Opisał sytuację, ale do winy się nie przyznał
Jak poinformował nas Marcin Saduś, rzecznik praskiej prokuratury okręgowej, zdecydowano się zastosować jedynie dozór policyjny. - Złożył stosunkowo obszerne wyjaśnienia, które potwierdzają, że przebieg wydarzenia był brutalny, a sprawcy zachowywali się agresywnie w stosunku do pokrzywdzonego policjanta - mówi Marcin Saduś. Chłopak nie przyznaje się do winy. Wszyscy uczestnicy zdarzenia, oprócz niego, mają poniżej osiemnastu lat. Zostali już przesłuchani. Dalsze decyzje w ich sprawie należą do Sądu Rodzinnego i Nieletnich w Wołominie.

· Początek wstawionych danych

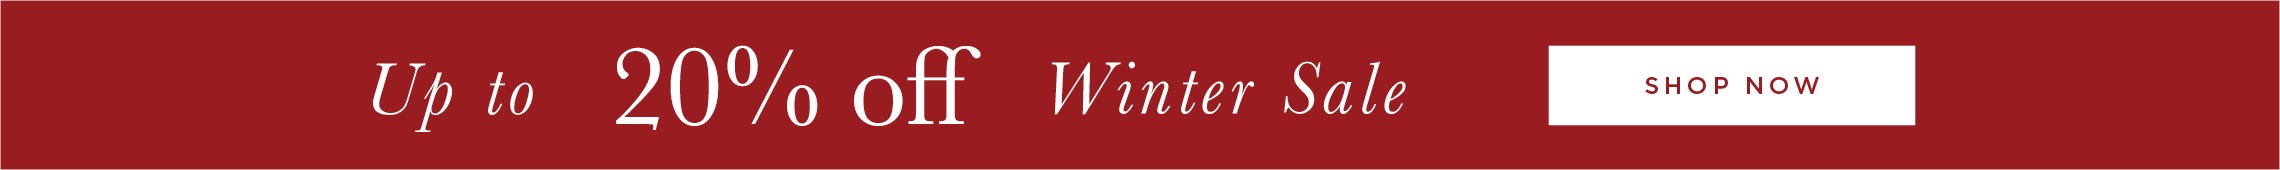 Up to 20% off winter sale - shop now

Przypomnijmy, że chodzi o zdarzenie, do którego doszło w poniedziałek po godzinie 21 na skwerze Piłsudskiego w Wołominie. Policjant próbował pouczyć nastolatków, by zachowywali się zgodnie z prawem. Poinformował ich również, że jest funkcjonariuszem. Nie zrobiło to na nich wrażenia i rzucili się na niego. Jeden z napastników uciekł, gdy policjant próbował się bronić.
>>> Podłączał Polskę do Internetu, a teraz właśnie w sieci prosi o pomoc! [ZBIÓRKA, AUDIO]
Na miejscu szybko pojawili się inni funkcjonariusze, którym udało się zatrzymać dwóch nastolatków w wieku 16 i 18 lat. We wtorek zatrzymano trzy kolejne osoby mogące mieć związek ze sprawą.